* **Prompt**:
No pictures belong in the copy. Set down exactly the lines from the one that contains "Helen Saunders’s Hammock" through the end of the data.

* **Information supplied**:
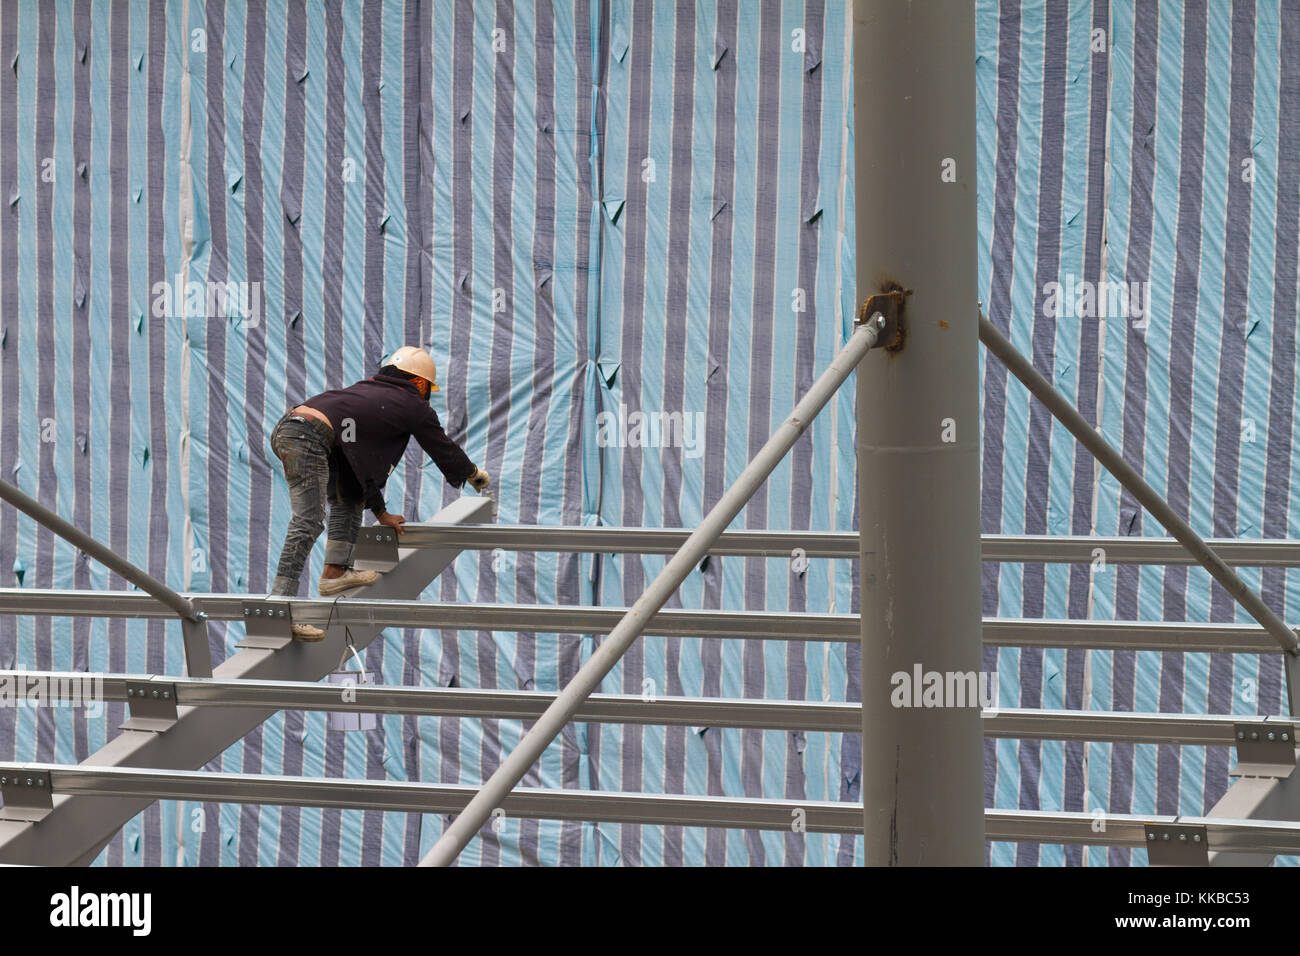 Workers on a building workplace in Kuala Lumpur, Malaysia Stock Photo
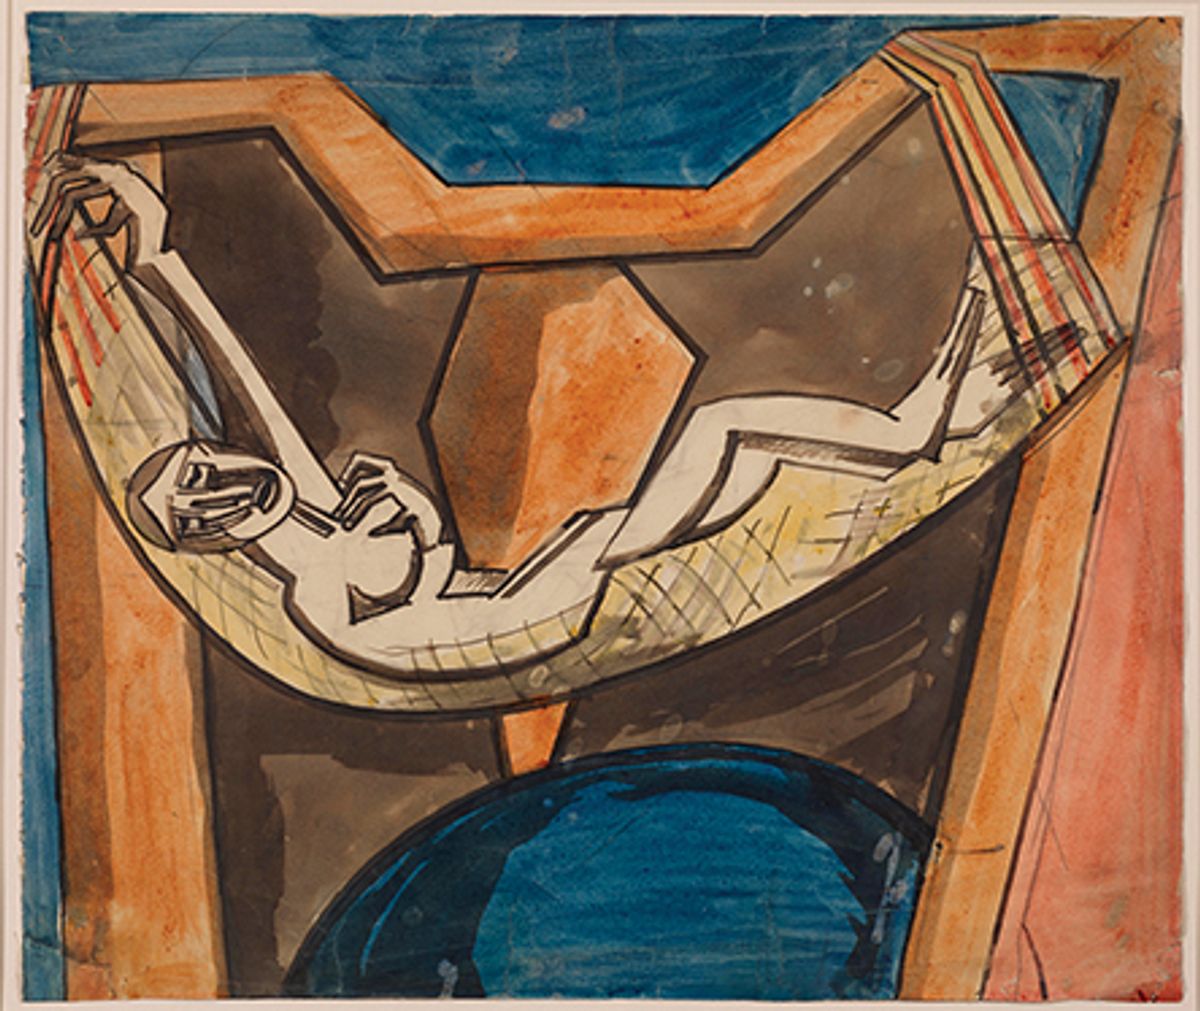 Helen Saunders’s Hammock (around 1913-14); after the disappearance of Vorticism, the artist eschewed other artistic movements The Courtauld, London (Samuel Courtauld Trust); © Estate of Helen Saunders

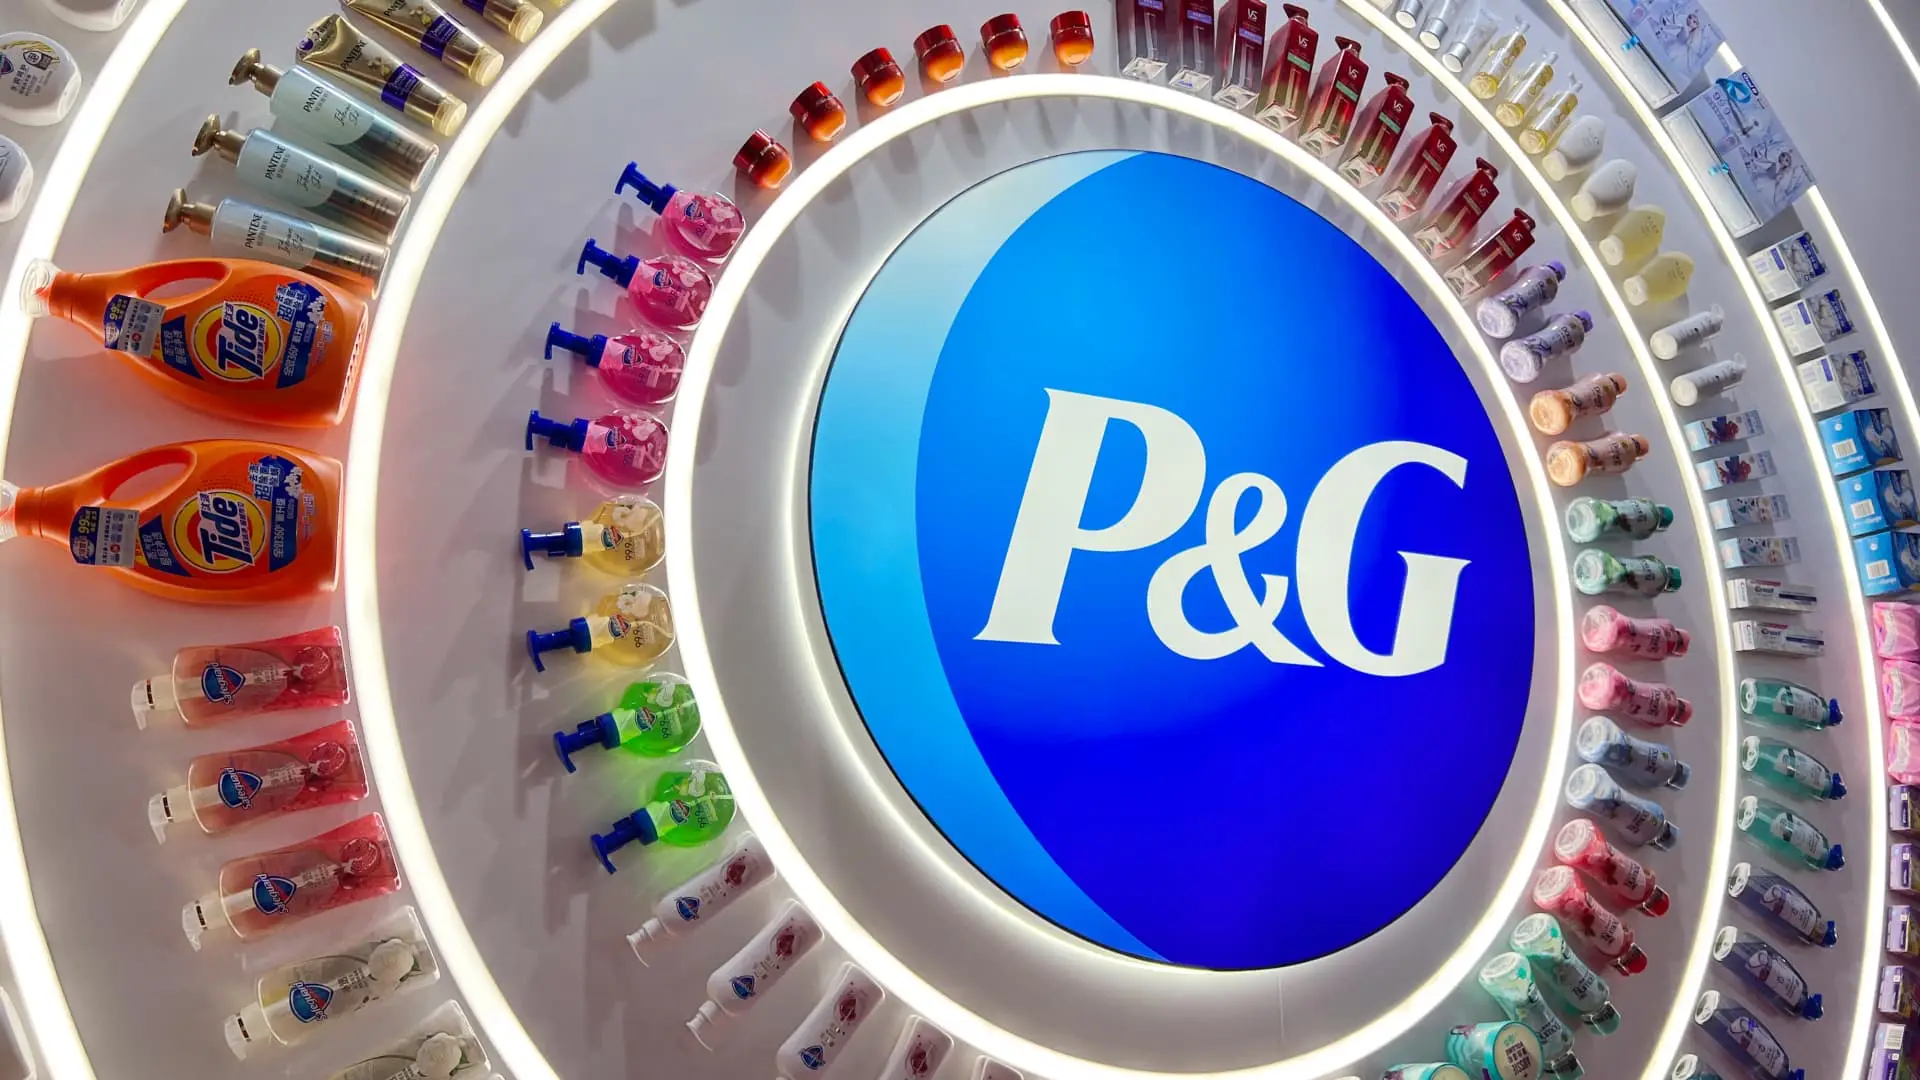 Procter & Gamble joint venture with other companies

* **Result of the task**:
 Helen Saunders’s Hammock (around 1913-14); after the disappearance of Vorticism, the artist eschewed other artistic movements The Courtauld, London (Samuel Courtauld Trust); © Estate of Helen Saunders

 Procter & Gamble joint venture with other companies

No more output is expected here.